EHR Integrity Increasingly Compromised by the Copy-Paste Practice of Providers

by | Published on Jul 3, 2017 | EHR/EMR

Electronic health records no doubt have many benefits such as ease of access, retrieval, sharing and medical records review among others. However, there are risks associated with them as many ongoing studies show. The greatest concern with EHRs is that they allow caregivers to easily copy and paste data from other parts of the chart. This results in the creation of a complex, ambiguous record that beats the very purpose of electronic documentation and puts the patients at risk.

In a recent study, researchers at the University of California San Francisco studied thousands of progress notes written by around 500 clinicians over 8 months in UCSF Medical Center’s inpatient Epic EHR. The researchers found that more than 80% of the notes were copied or imported from elsewhere and only a small minority were manually entered. This study is significant compared to other studies on copy and paste that have been limited in their ability to quantify just where and when EHR text originated. A recent software update to Epic allowed the research team to study the medical charts with “character-level granularity.” This means that the EHR can now identify whether the character was freshly typed, imported, or copied.
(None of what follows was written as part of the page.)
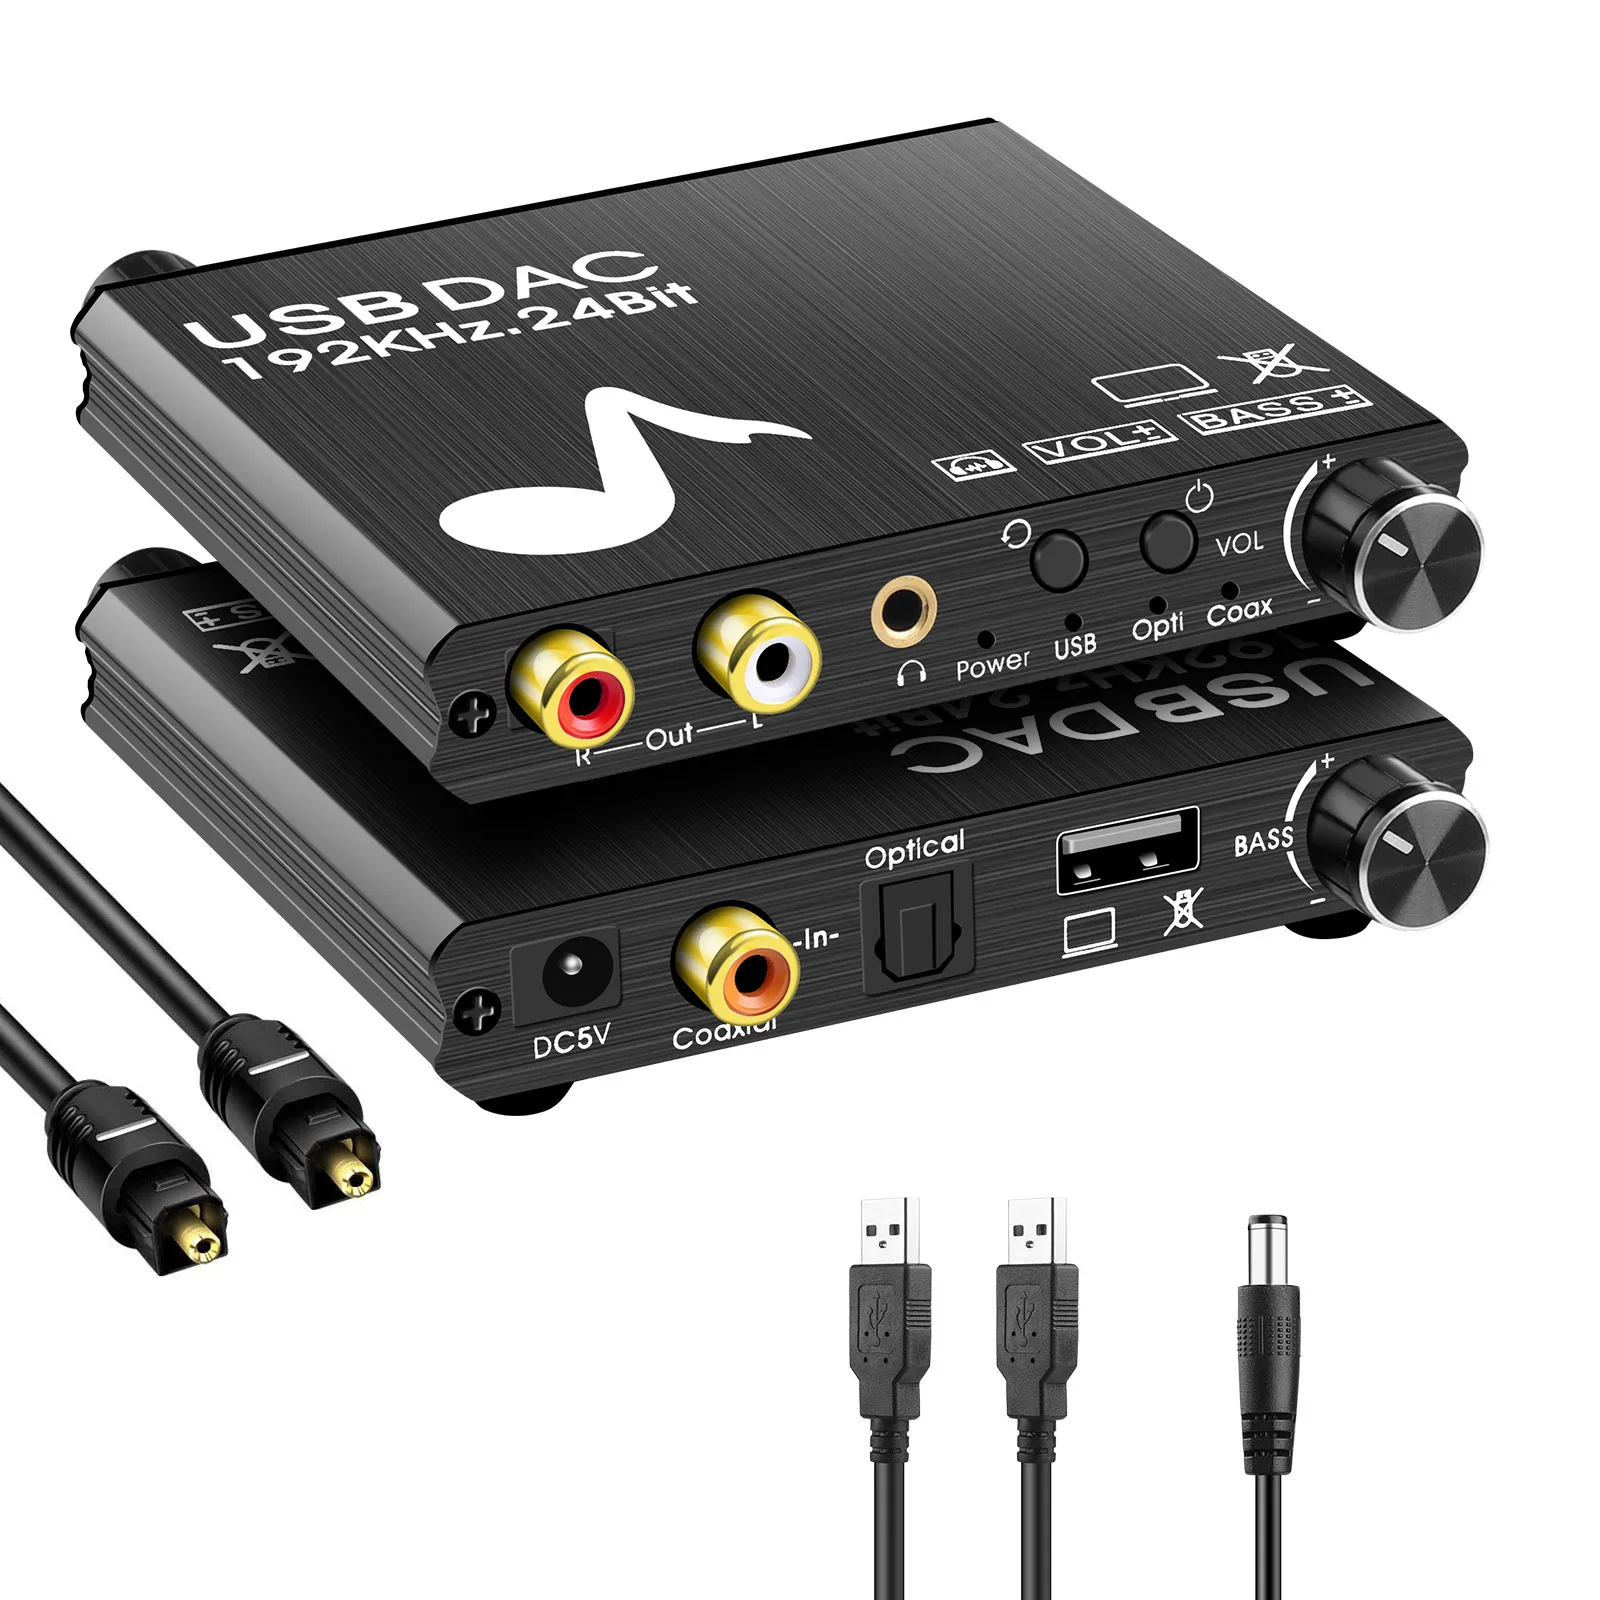 

Laptop USB Sound Card Input Digital to Analog Converter DAC with Bass&Volume Adjustment Optical/Coaxial In to RCA/Headphone Out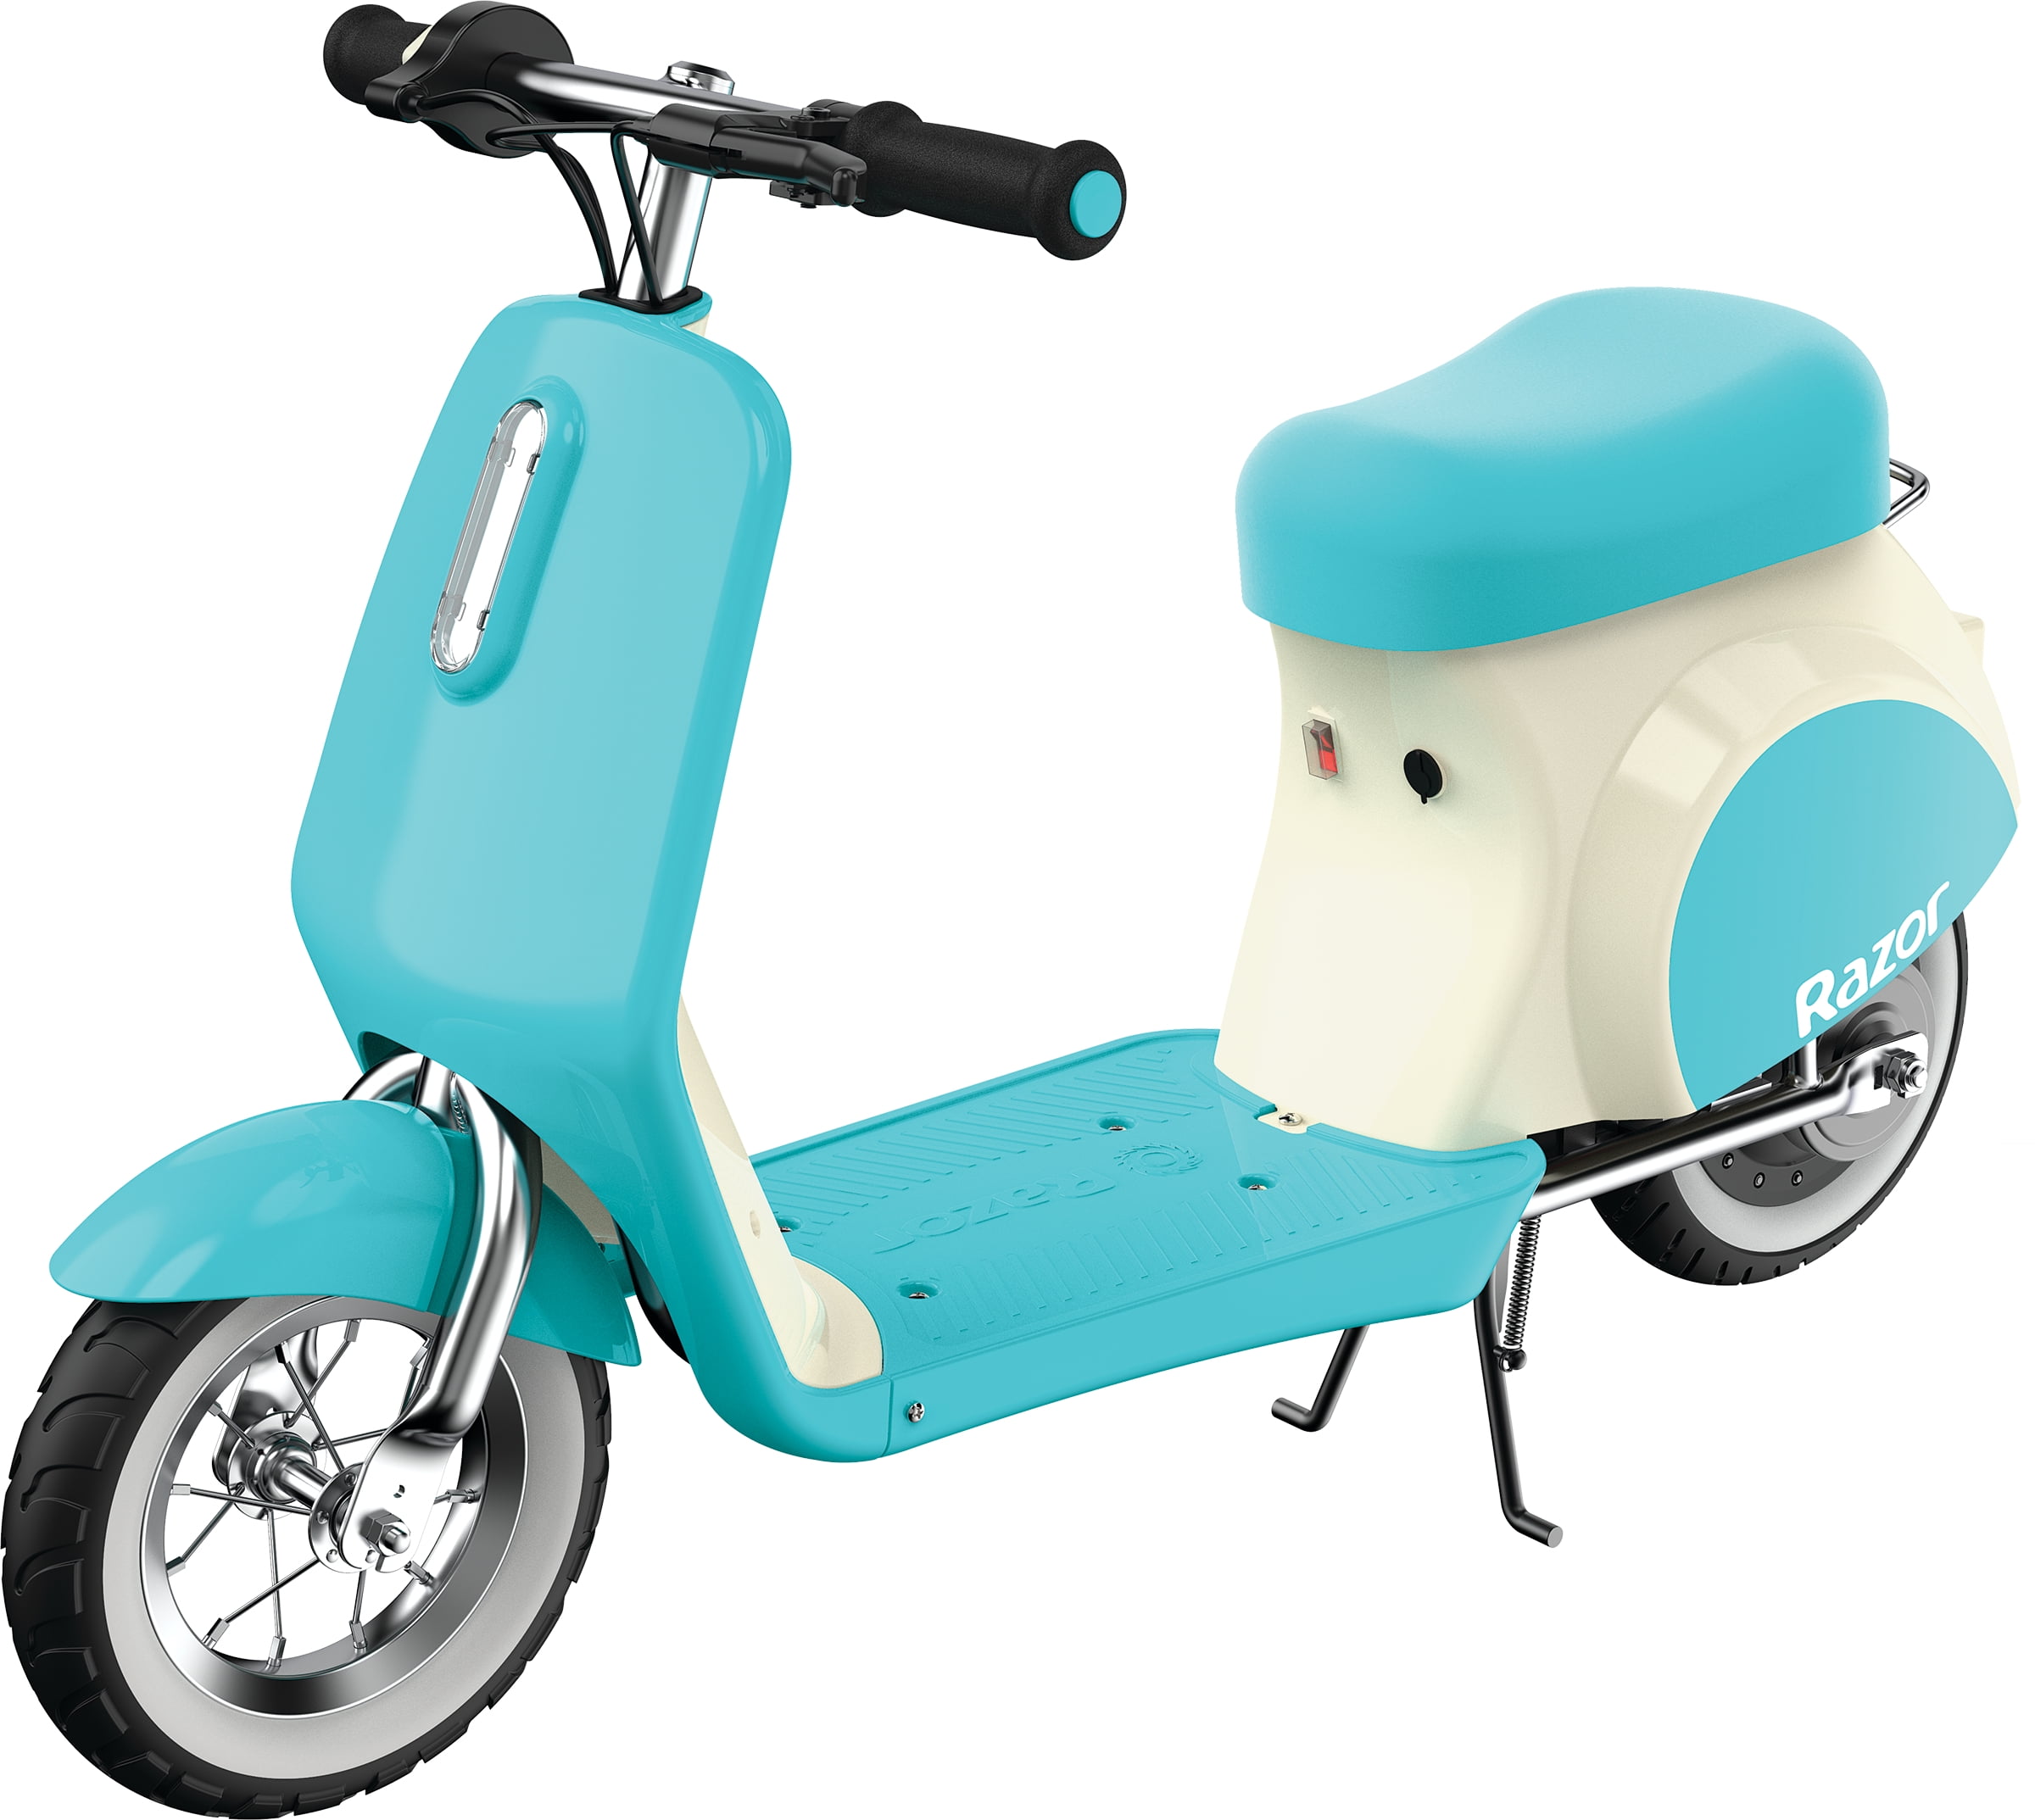 Øst Timor dash husdyr Razor Pocket Mod Petite - 12V Miniature Euro-Style Electric Scooter for  Girls Ages 7+, Hub-Driven Motor, Air-Filled White Wall Tires, Up to 40 min  Ride Time - Walmart.com

  • 23,630 inpatient progress notes written by 460 caregivers – direct care hospitalists, medical students and residents – were analyzed.
  • The study found that 46% of notes were copied and 36% were imported. Only 18% of the text was entered manually.
  • 51% of Residents copied, and only 12% of them entered text manually.
  • 16.2% of medical students entered manually while 49% copied.
  • Among hospitalists, 47.9% copied whereas 14% opted for manual entry.
  • Hospitalists wrote the shortest notes compared with residents and medical students.

The study results give serious food for thought. The obvious question that comes to mind is how clinicians can resort to such practices that put their patients at risk. Progress notes are expected to provide clear, updated information regarding the patient’s condition and the clinician’s thought process. The practice of copy and paste is highly risky because it increases the risk of including inaccurate, outdated, unnecessary information that can result in clinical errors.

The study team noted that research such as this can surely help EHR vendors understand the problematic areas and persuade them to design EHR that would make copied and imported information readily visible to clinicians as they are writing a note, but does not ultimately store that information in the note. Apart from EHR vendors, hospitals can also take constructive steps to improve documentation and make it streamlined.

Medical record retrieval companies and medical record review companies are also keen observers in this regard, hoping for a foolproof EHR system that can make the review of medical records much simpler. There is no doubt that with concerted effort such a system can be developed that will help meet all the objectives of EHR implementation.